Unless I’m misreading it which is possible it’s awfully late, he said he processed 60,000 rows didn’t find what he was looking for but his hard drive overheated on the full pass.
Discs don’t overheat because there was load. Even if he f***** up and didn’t index the data correctly (I assume it’s a relational database since he’s talking about rows) The disc isn’t just going to overheat because the job is big. It’s going to be lack of air flow or lack of heatsink.
I guarantee you he was running on an external NVMe, and one of those little shitty-ass Chinese enclosures. Or maybe one of those self immolating SanDisk enclosures. Hell, maybe he’s on a desktop and he slept a raw NVMe on his motherboard without a heatsink
There are times when you want a brilliant college student on your team, But you need seasoned professionals to help them through the things they’ve never seen before and never done before.
Somehow I feel over clicking without understanding of the consequences sounds like something a techbro would do
Can’t be a relational database, Musk said the government doesn’t use SQL.
This cannot be real, wtf. This is cartoon levels of ineptitude.
Or sabotage by someone heading out? Please let this be resistance sabotage they haven’t noticed yet.
You guys arent running your software off raspberry pi’s with sdcards from the gas station?
My allowance is 5$ a month!
Look, all I’m saying is give Pis a chance.
Either she knows something novel, where processing data using voice coils is somehow beneficial, or is someone who calls their computer a ‘hard drive’, which summarily negates any legitimacy of technical competence.
“I store my records on vinyl. You’ve probably never heard of them.”
60k rows of anything will be pulled into the file cache and do very little work on the drive. Possibly none after the first read.
Not if each row is pi!
When the only thing that is stopping kids from dismantling your government is an O(N^N) algorithm
Are you telling me there’s a difference between an inner and a cross join?
Cross join is obviously faster, I don’t even have to write “on”
my hard drive overheated
So, this means they either have a local copy on disk of whatever database they’re querying, or they’re dumping a remote db to disk at some point before/during/after their query, right?
Either way, I have just one question - why?
Even if it was local, a raspberry pi can handle a query that size.
Edit - honestly, it reeks of a knowledge level that calls the entire PC a “hard drive”.
My one question would be “How?”
What the hell are you doing that your hard drives are overheating? How do you even know it’s overheating as I’m like 90% certain hard drives (except NVMe if we’re being liberal with the meaning of hard drive) don’t even have temperature sensors?
The only conclusion I can come to is that everything he’s saying is just bullshit.
They have temp sensors. But have never heard of a overheating drive.
Hard drives do get hot and need some cooling but not at 60k rows. Its either made up or their computer case is made of thermal cladding
Imo if they can’t max out their harddrive for at least 24 hours without it breaking, their computer was already broken. They just didn’t know it yet.
Any reasonable SSD would just throttle if it was getting too hot, and I’ve never heard of a HDD overheating on its own, only if there’s some external heat sources, like running it in a 60°C room
You could query 60,000 rows on a low tier smart phone. Makes no sense at all.

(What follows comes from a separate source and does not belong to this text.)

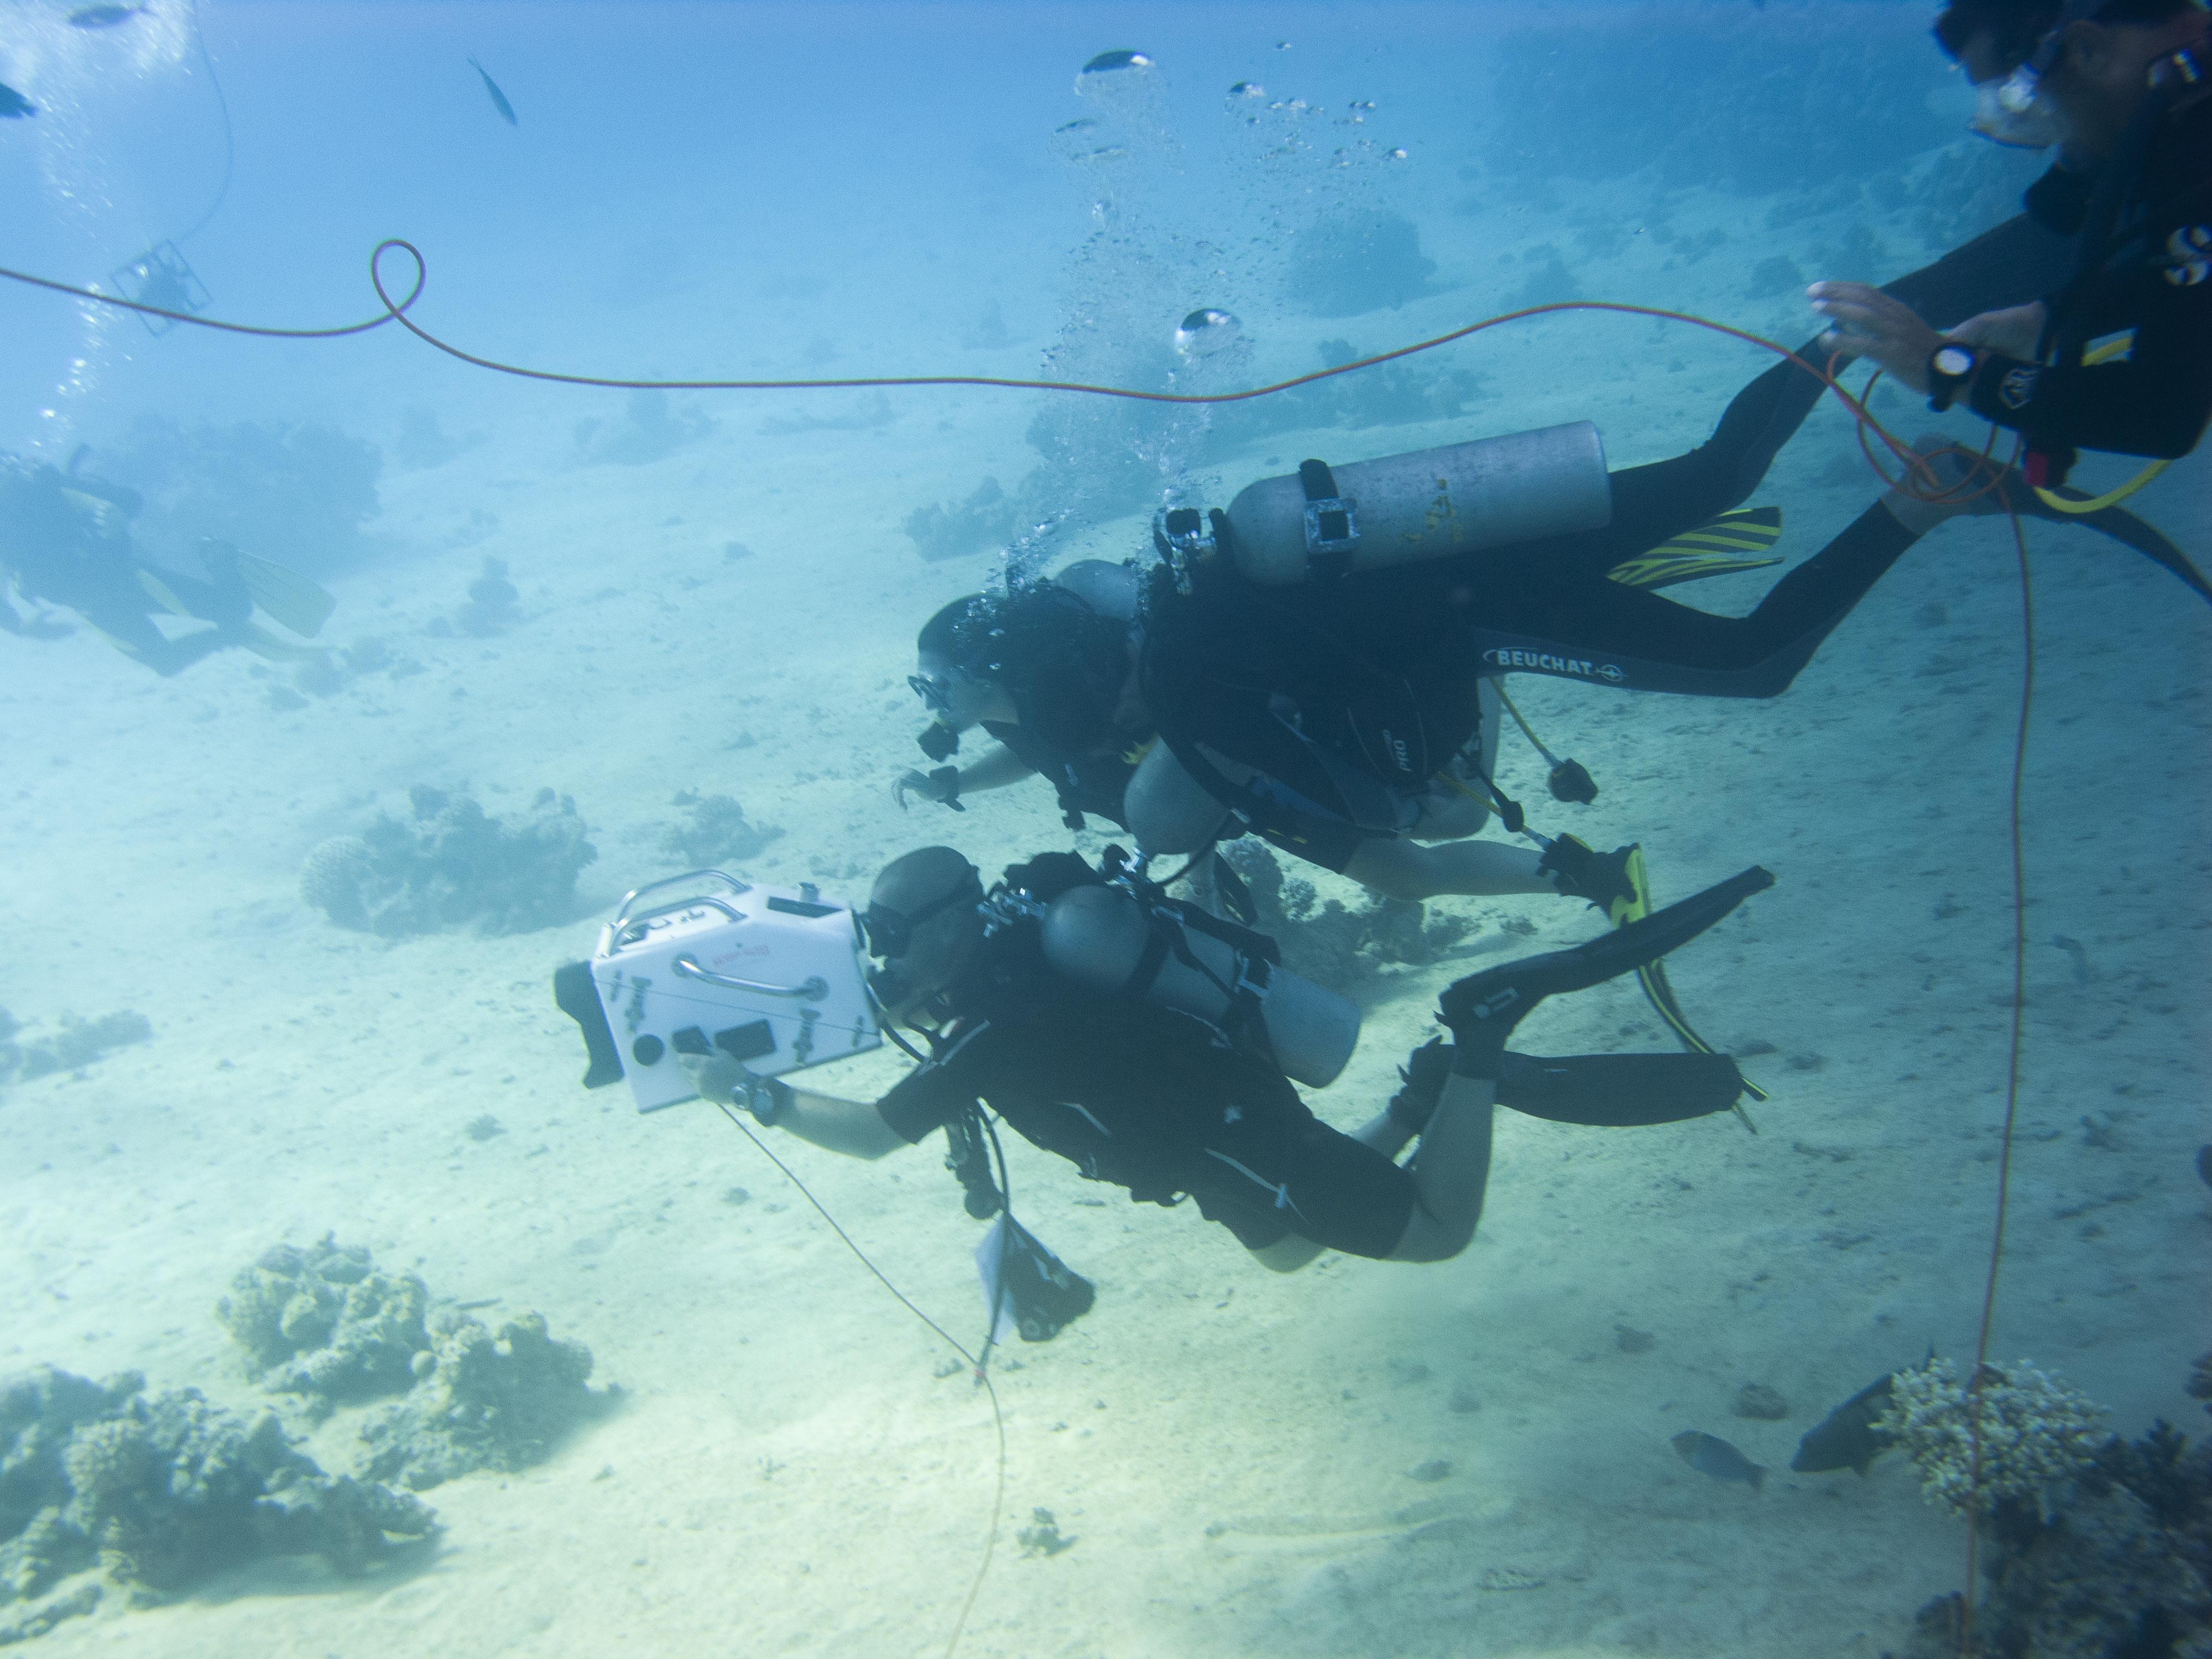 FP filming underwater

Can we think of any device someone might have that would struggle with 60k? Certainly an ESP32 chip could handle it fine, so most IoT devices would work…
Right? There’s no part of that xeet that makes any real sense coming from a “data engineer.”
Terrifying, really.
dude is 100% talking about ssds. NVME ones at that, he’s just stupid.
Or they’re doing it on a Diamondmax 9.
does elon only hire chip from sales guy vs web dude or something
No he also hire people who created a script to make fake ballots with a bias.
https://bsky.app/profile/denisedwheeler.bsky.social/post/3lhowh3ijgs2f
I cannot believe these people make more than me lol.
Is this a real post? I can’t seemed to find it on that website “X, formerly known as Twitter.”
some poeple have linked the discussion in other comment threads
60k isn’t that much, I frequently run scripts against multiple hundreds of thousands at work. Wtf is he doing? Did he duplicate the government database onto his 2015 MacBook Air?
60k is laughably, embarrassingly small. It’s still sqlite-sized.
Sqlite can easily handle millions of rows. Don’t sell it short
How about a 6.4TB sqlite database?
Should be enough to hold 60k rows
I’m not
I have an sqlite db that is a few GB in size, game saves using the format. Sadly almost all blob data, would love to play with it if it was a bit more readable
i mean its even excel sized depending on how many columns. This is seriously sad and alarming
Hey now that’s real close to the 65,535 16-bit limit (from 20 years ago)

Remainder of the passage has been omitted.